- Soft Construction with Boiled Beans (Premonition of Civil War)
- Artist: Salvador Dalí
- Year: 1936
- Medium: Oil on canvas
- Dimensions: 100 cm × 99 cm (39+5⁄16 in × 39+3⁄8 in)
- Location: Philadelphia Museum of Art; Philadelphia;
- Owner: The Louise and Walter Arensberg Collection
- Website: Museum listing

= Soft Construction with Boiled Beans (Premonition of Civil War) =

1936 painting by Salvador Dalí

Soft Construction with Boiled Beans (Premonition of Civil War) (1936) is a painting by the Spanish surrealist artist Salvador Dalí. Dalí created the piece to represent the horrors of the Spanish Civil War, having painted it only six months before the conflict began. He subsequently claimed that he was aware the war was going to occur long before it began, and cited his work as evidence of "the prophetic power of his subconscious mind." However, some have speculated that Dalí may have changed the name of the painting after the war to emphasize his prophetic assertions, although it is not entirely certain.

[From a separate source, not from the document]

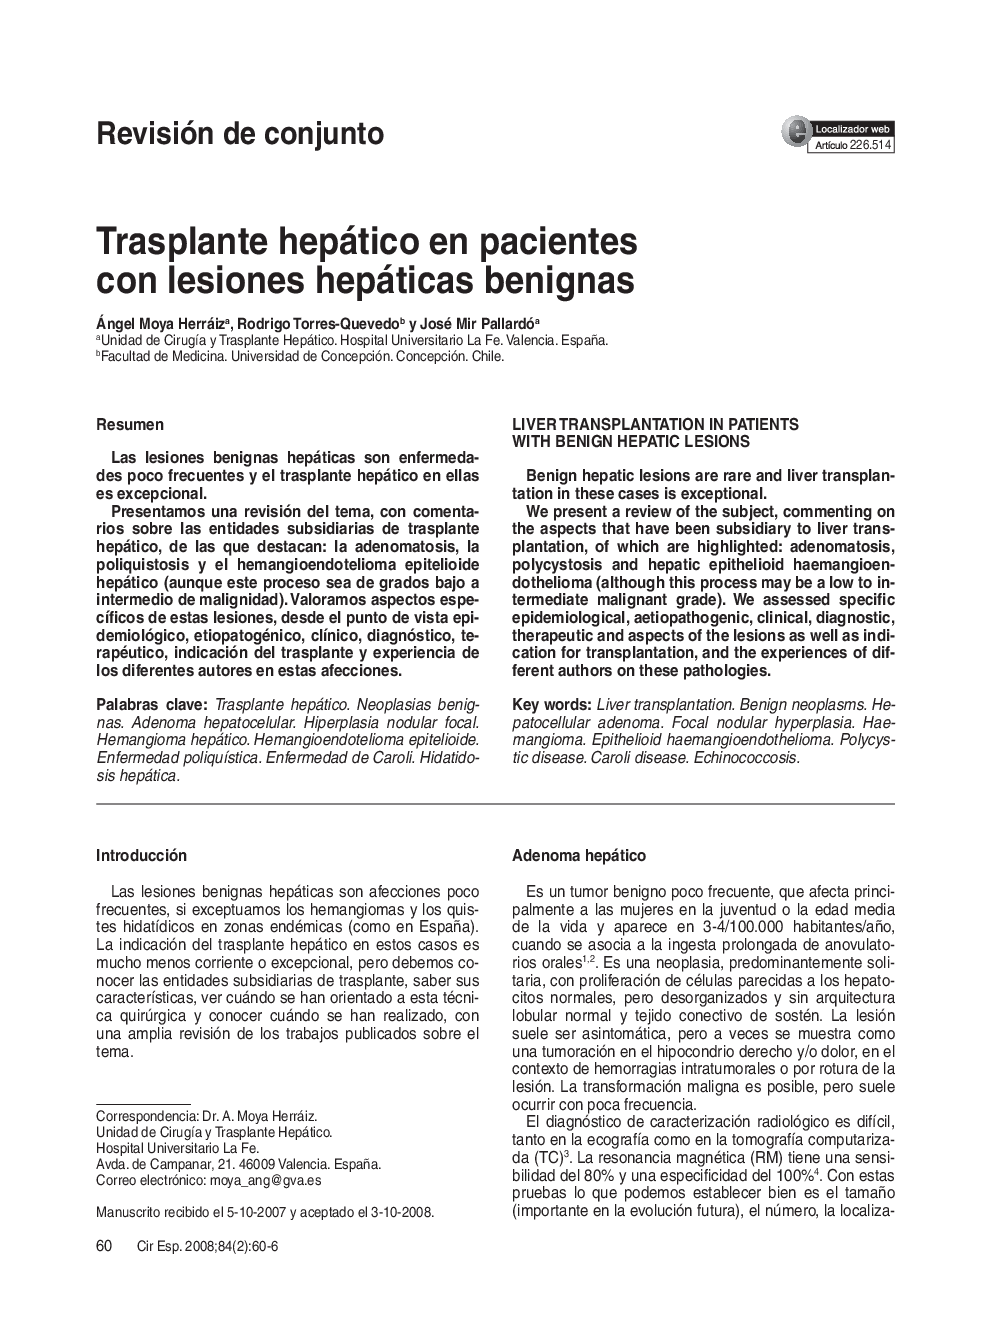 Trasplante hepático en pacientes con lesiones hepáticas benignas

The art historian Robert Hughes commented on Dalí's painting in his biography of Goya, stating: "Salvador Dalí appropriated the horizontal thigh of Goya's crouching Saturn for the hybrid monster in the painting Soft Construction with Boiled Beans, ... which—rather than Picasso's Guernica—is the finest single work of visual art inspired by the Spanish Civil War."

==Description==
The painting is oil on canvas and is located in the Philadelphia Museum of Art. Dalí painted it in 1936, but there are studies dating back to 1934.

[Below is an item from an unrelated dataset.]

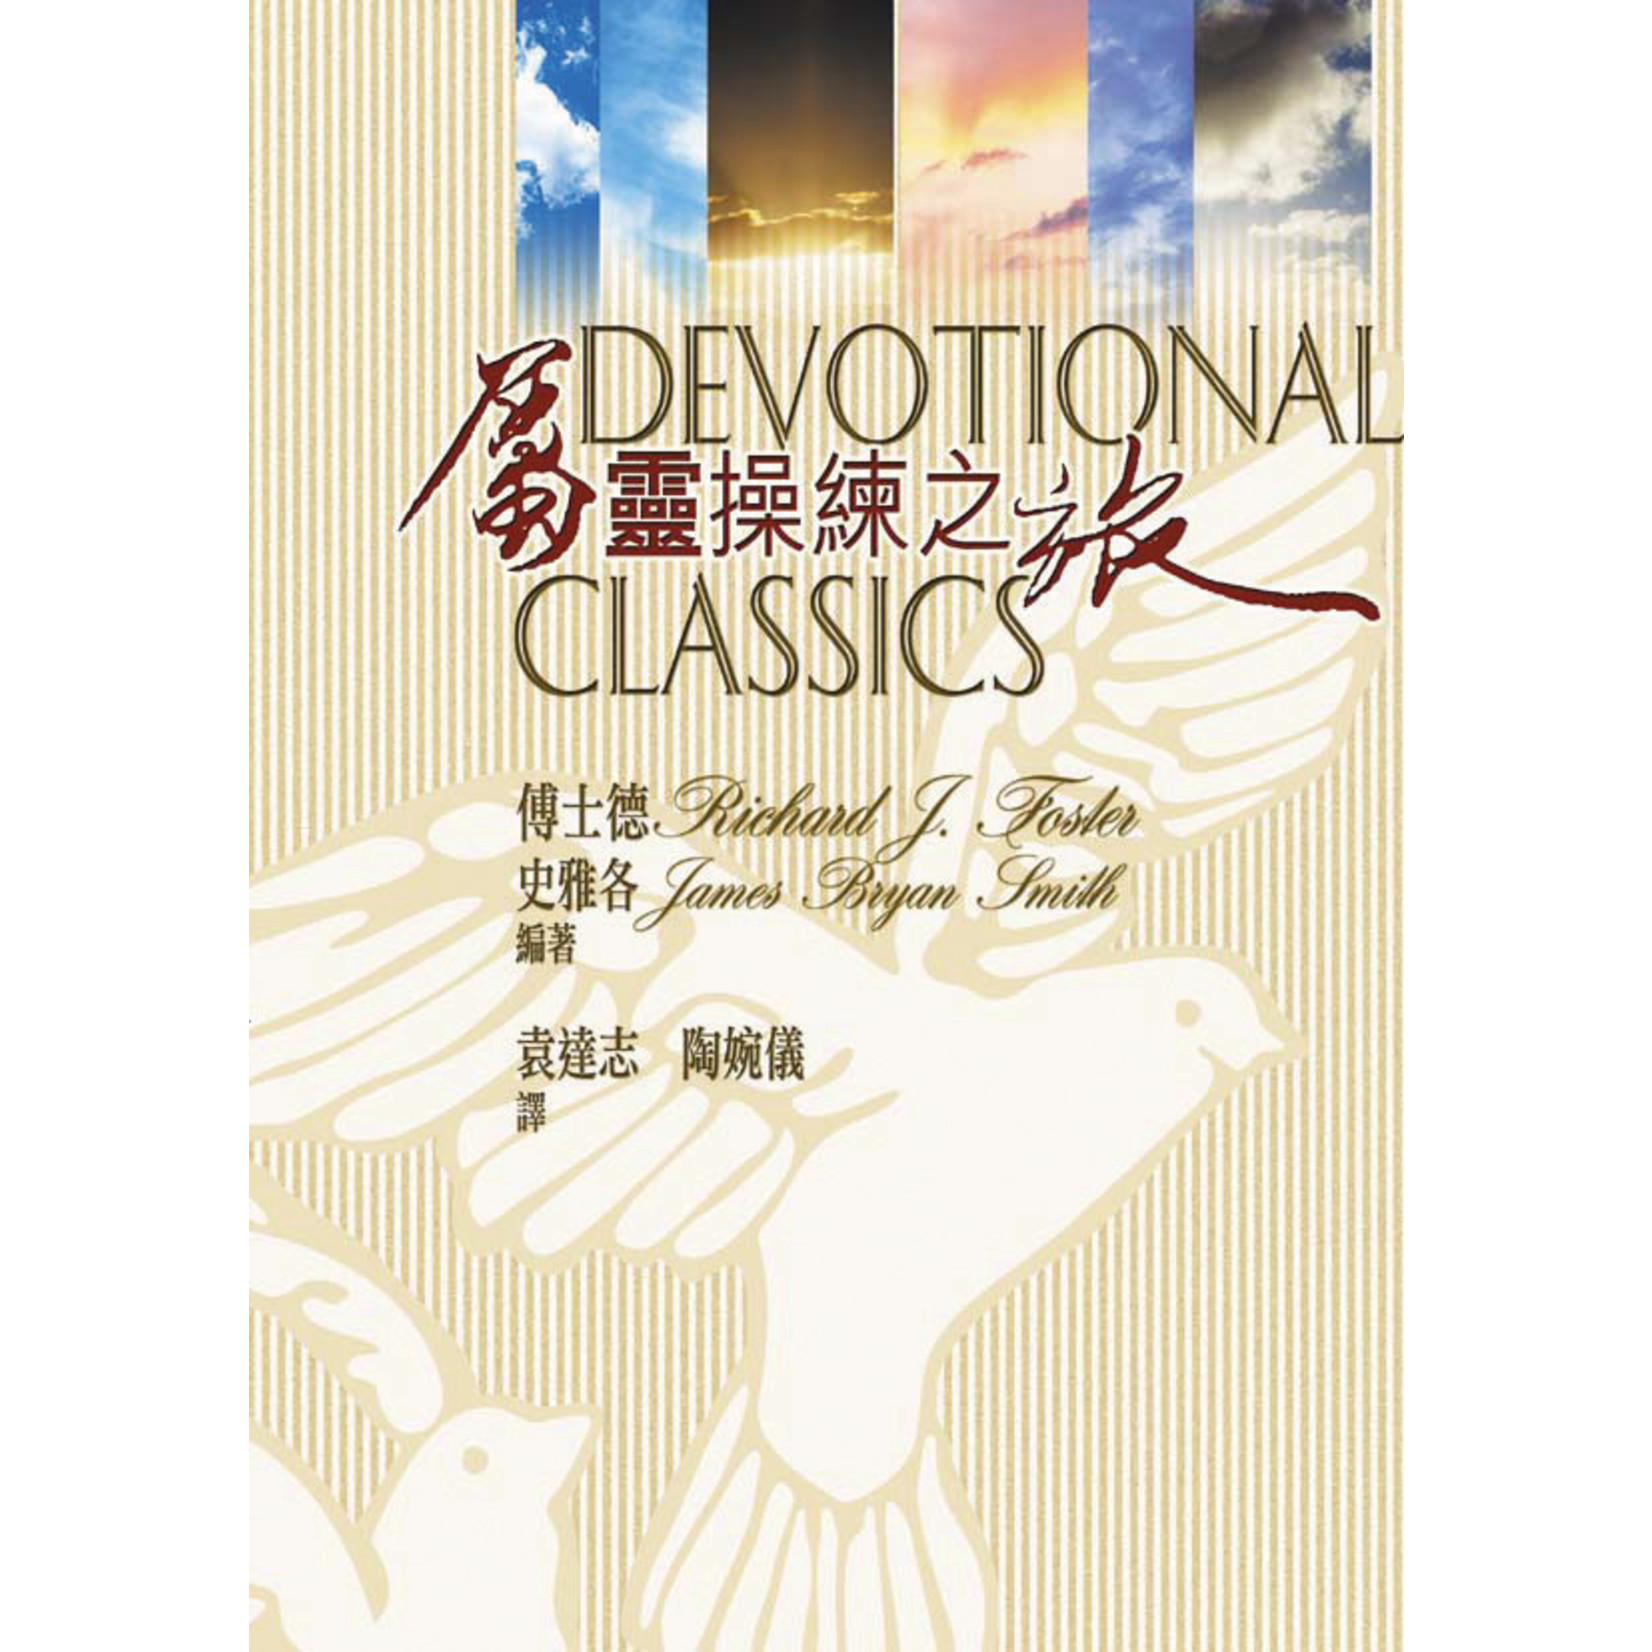 天道書樓 Tien Dao Publishing House 屬靈操練之旅 Devotional Classics: Selected Readings for Individuals and Groups

==Salvador Dalí and the Spanish Civil War==
Dalí and his wife, Gala, were trapped in the middle of a general strike and an armed uprising by Catalan separatists in Catalonia in 1934, an incident which may have influenced his Spanish Civil War motif. Salvador and Gala escaped to Paris, where they were married.

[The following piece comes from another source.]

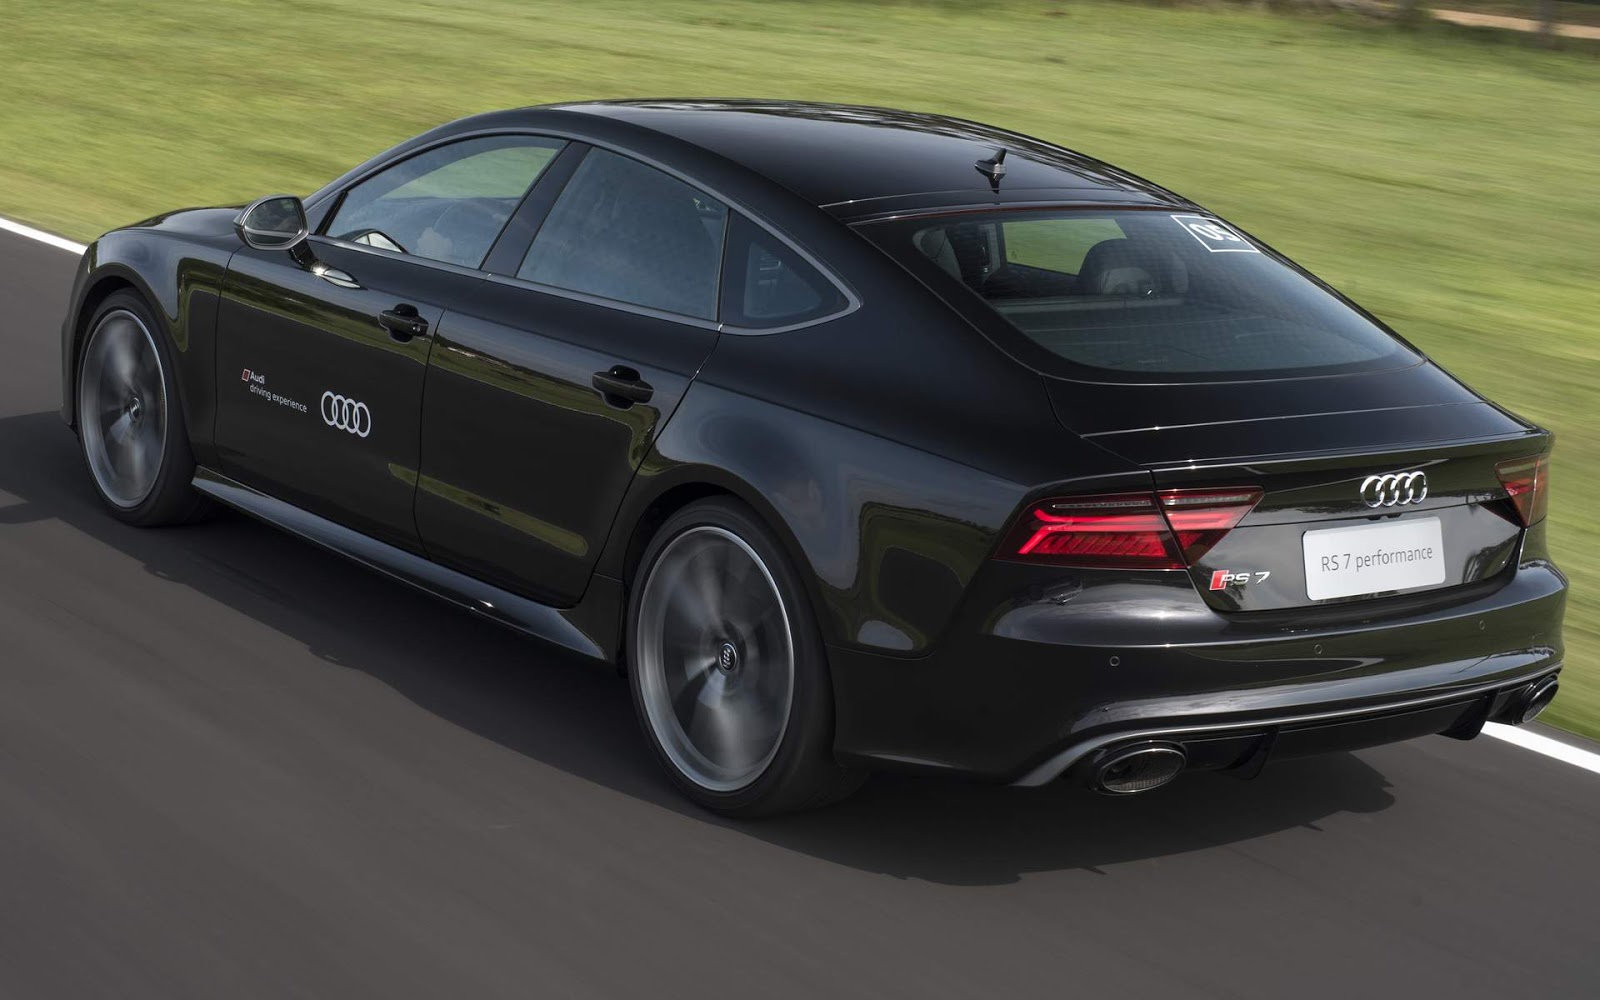 Novo Audi RS 7 acelera como um GT, mas com conforto de sedã executivo

Dalí and Gala had hired an escort to take them safely to Paris, but the escort died on his return because of the stresses of the Spanish Civil War. When Dalí finally returned home, his house in Port Lligat had been destroyed in the war. He was also greatly affected because his friend, Federico García Lorca, was executed in the war and his sister Ana Maria was imprisoned and tortured.

==Meaning==

This painting expresses the destruction during the Spanish Civil War. The monstrous creature in this painting is self-destructive just as a Civil War is. This painting is not meant to depict choosing sides, although Dalí had many reasons to choose sides in the Spanish Civil War. His sister was tortured and imprisoned by communist soldiers fighting for the Republic and his good friend from art school, the poet Federico Garcia Lorca, was murdered by a fascist firing squad. Dalí also made this painting look very realistic and yet continued to bring in surreal concepts. Although humans do not have the potential to look like the creatures in this painting, it retains a realistic feel, reminding the viewer of the gravity of the ideas behind it. Dalí also brought ideas of tradition to this piece with a beautiful Catalan sky, creating a contrast to the idea of revolution. There is a significant number of boiled beans in this painting. Dalí is quoted as saying the reason he included boiled beans was "one could not imagine swallowing all that unconscious meat without the presence of some mealy and melancholy vegetable." By this he meant that there were many hardships in the war so the Spanish citizens had to do their best to deal with their problems. He played with themes of love, eating, and the war and how they are all related.